The advent of Islamic rule under the Delhi Sultanate and later the Mughal Empire over northern India caused considerable cultural interchange. Increasingly, musicians received patronage in the courts of the new rulers, who, in turn, started taking an increasing interest in local musical forms. While the initial generations may have been rooted in cultural traditions outside India, they gradually adopted many aspects from the Hindu culture from their kingdoms. This helped spur the fusion of Hindu and Muslim ideas to bring forth new forms of musical synthesis like qawwali and khyal.

The most influential musician of the Delhi Sultanate period was Amir Khusrau (1253–1325), a composer in Persian, Turkish and Arabic, as well as Braj Bhasha. He is credited with systematizing some aspects of Hindustani music and also introducing several ragas such as Yaman Kalyan, Zeelaf and Sarpada. He created six genres of music: khyal, tarana, Naqsh, Gul, Qaul and Qalbana. A number of instruments (such as the sitar) also developed in this time.

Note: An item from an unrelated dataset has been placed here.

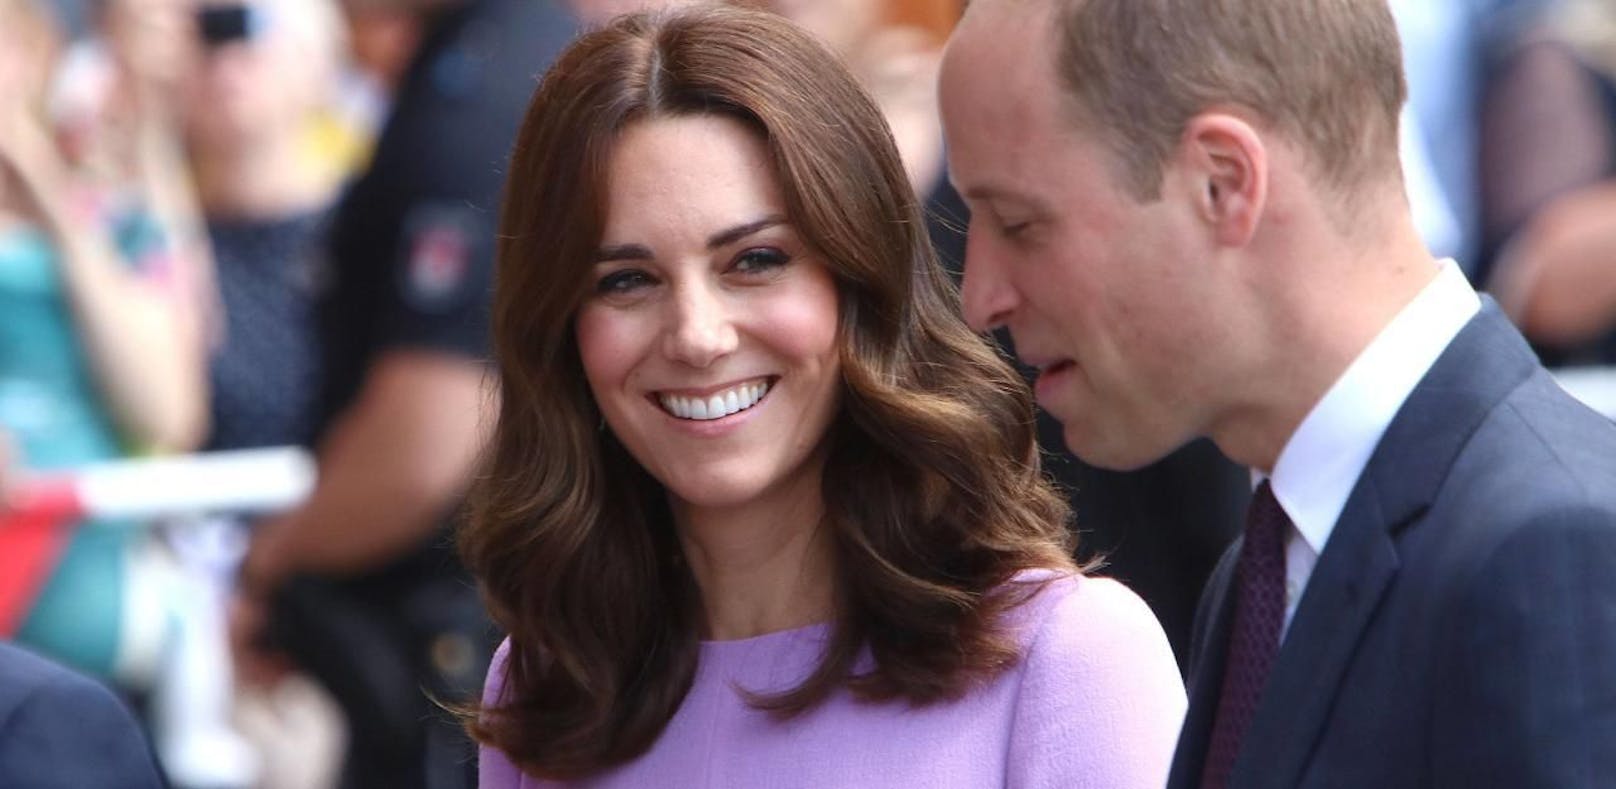 Herzogin Kate ließ Haare für krebskranke Kinder
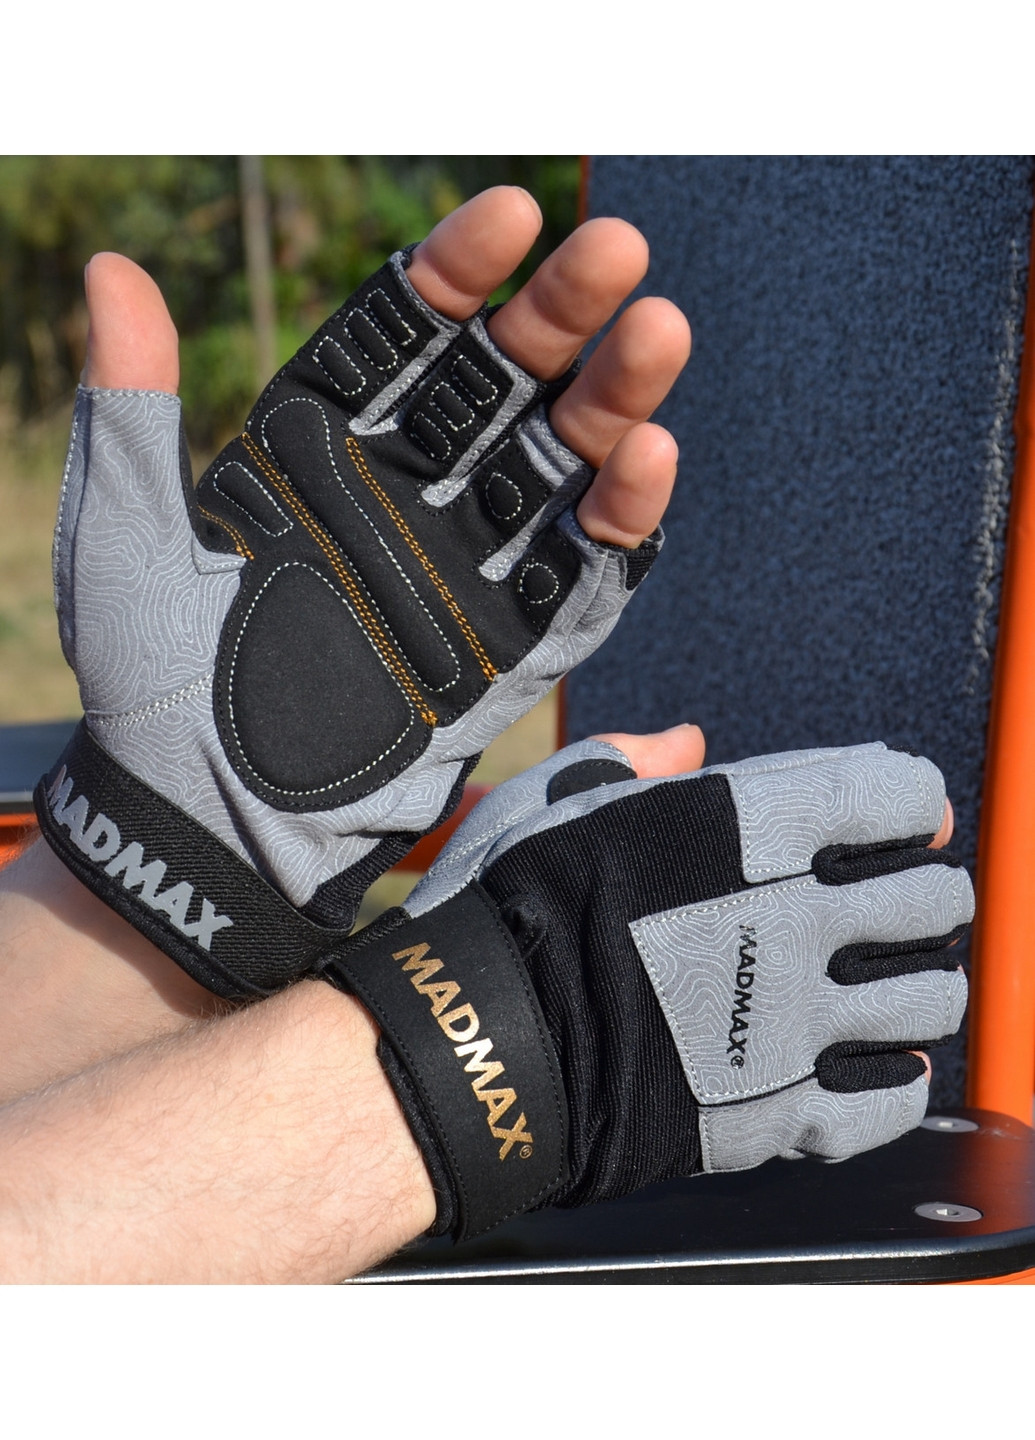 Унісекс рукавички для фітнесу XXL Mad Max (267659612)

Amir Khusrau is sometimes credited with the origins of the khyal form, but the record of his compositions does not appear to support this. The compositions by the court musician Sadarang in the court of Muhammad Shah bear a closer affinity to the modern khyal. They suggest that while khyal already existed in some form, Sadarang may have been the father of modern khyal.

Much of the musical forms innovated by these pioneers merged with the Hindu tradition, composed in the popular language of the people (as opposed to Sanskrit) in the work of composers like Kabir or Nanak. This can be seen as part of a larger Bhakti tradition (strongly related to the Vaishnavite movement) which remained influential across several centuries; notable figures include Jayadeva (12th century), Vidyapati (fl. 1375 CE), Chandidas (14th–15th century), and Meerabai (1555–1603 CE).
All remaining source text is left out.